Exhibit (a)(15)
November 7, 2006
Dear Fellow Gold Kist Employees:
In my effort to keep you informed, I want to give you an update on recent events related to Pilgrim’s Pride Corporation’s unsolicited tender offer to purchase Gold Kist common stock. As has been stated previously in public statements, the Gold Kist Board of Directors has determined that Pilgrim’s offer is inadequate and that Gold Kist is committed to maximizing shareholder value by executing its strategic business plan while continuing to explore strategic alternatives.

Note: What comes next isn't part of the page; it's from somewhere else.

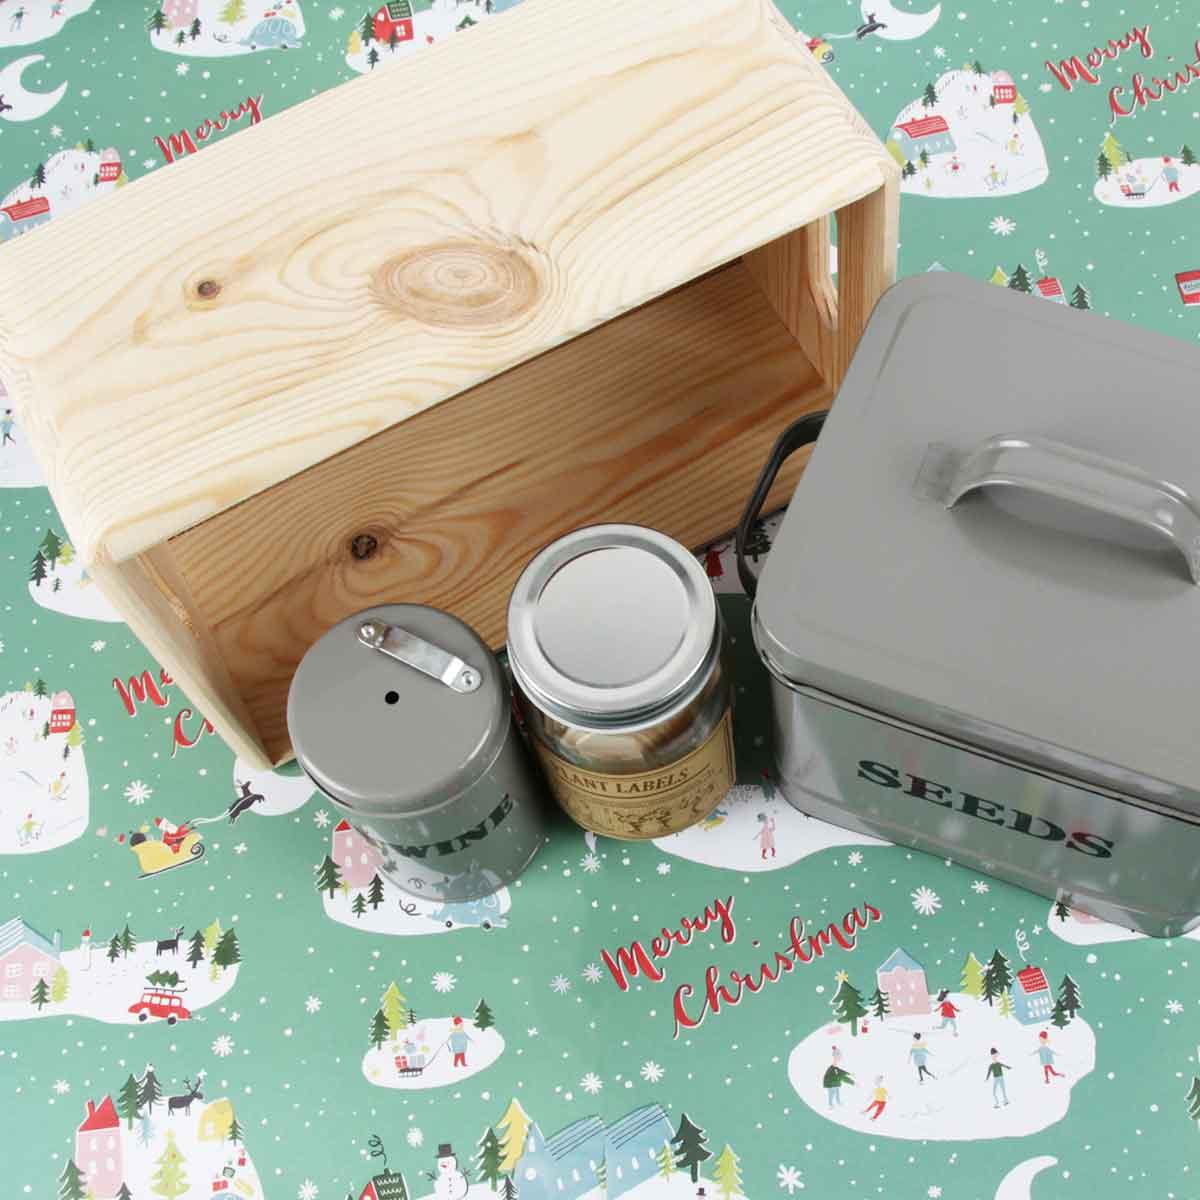 kit cadeau jardinage avec bocal à étiquette à semis, bac en bois clair avec poignées, et boîte de rangement en métal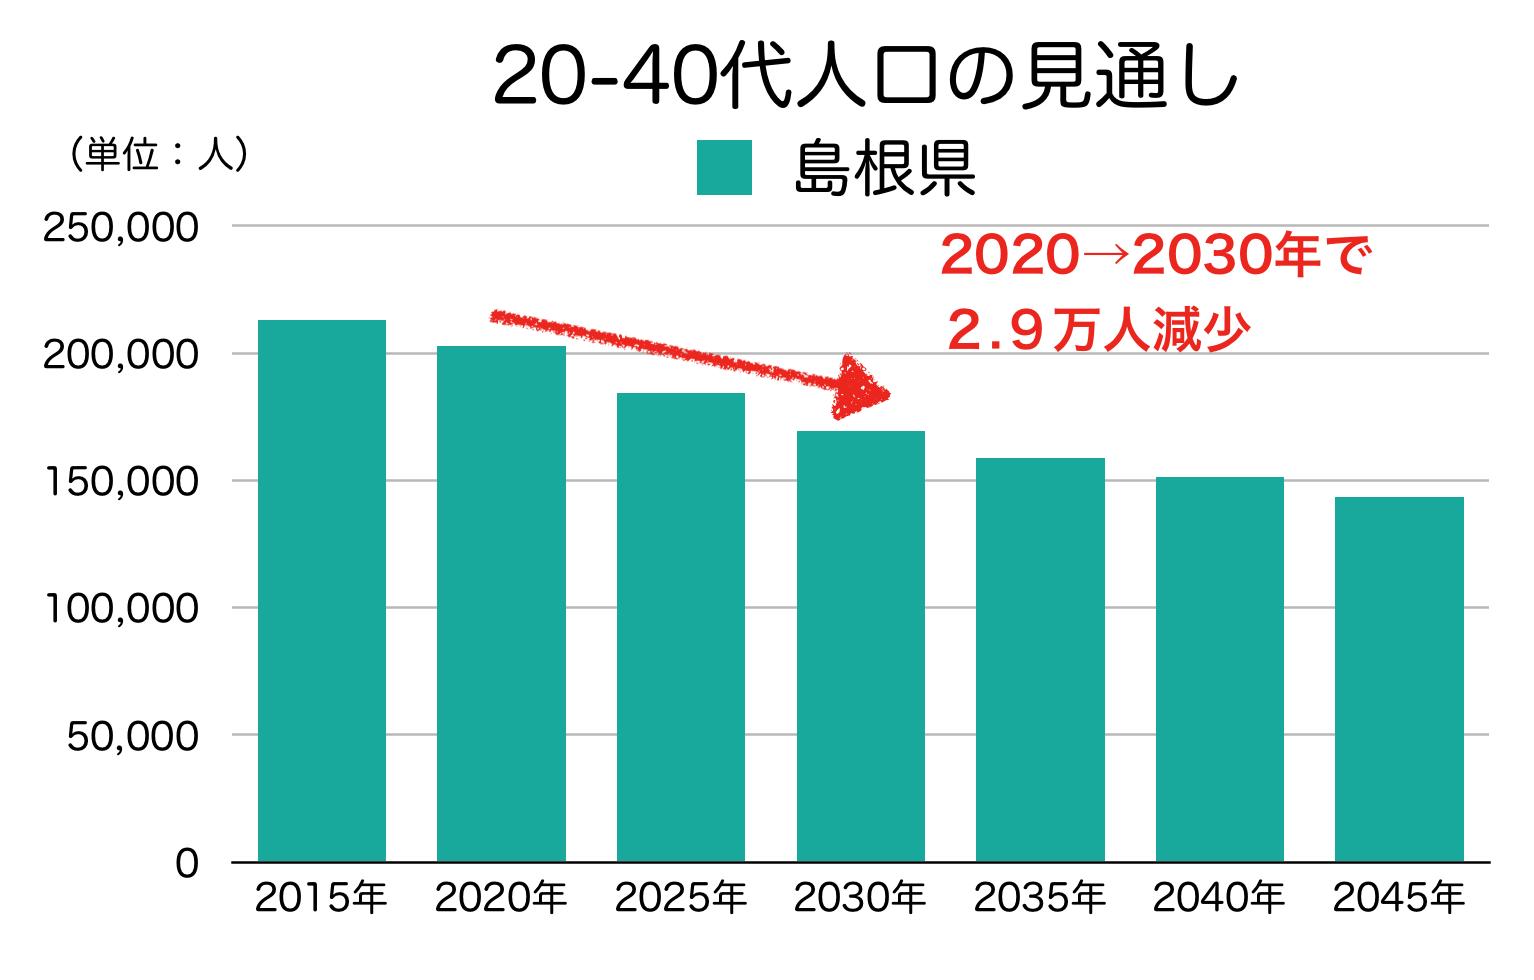 島根県の20-40代人口の見通し

On October 30, Pilgrim’s Pride announced that it extended its tender offer until November 29. Since Pilgrim extended its tender offer, we have received a few questions regarding whether any shares were actually purchased by Pilgrim in its offer, so let me briefly explain. Pilgrim has not purchased any of our shares pursuant to its offer. Prior to the initial tender offer deadline, some of our stockholders had indicated a willingness to sell their shares at the price offered. However, the shares could not have been purchased by Pilgrim unless and until all the conditions of the offer were met, which has not occurred. Pilgrim’s offer is subject to numerous conditions that result in significant uncertainty that the transaction will be consummated. For a detailed description of Pilgrim’s offer, we refer you to our Schedule 14D-9, which we previously filed with the U.S. Securities and Exchange Commission.
We firmly believe that Gold Kist has a bright future as a stand-alone company with a great long-term strategy. We believe that our stockholders have confidence in our long-term strategy — and justifiably so.
The most important commitment that we have in executing our strategic plan is to continue to exceed the expectations of our customers and to remain focused on being the Go-To Chicken Company. We must not be distracted and must continue to provide the high level of quality, service and responsiveness that our customers have come to expect from us.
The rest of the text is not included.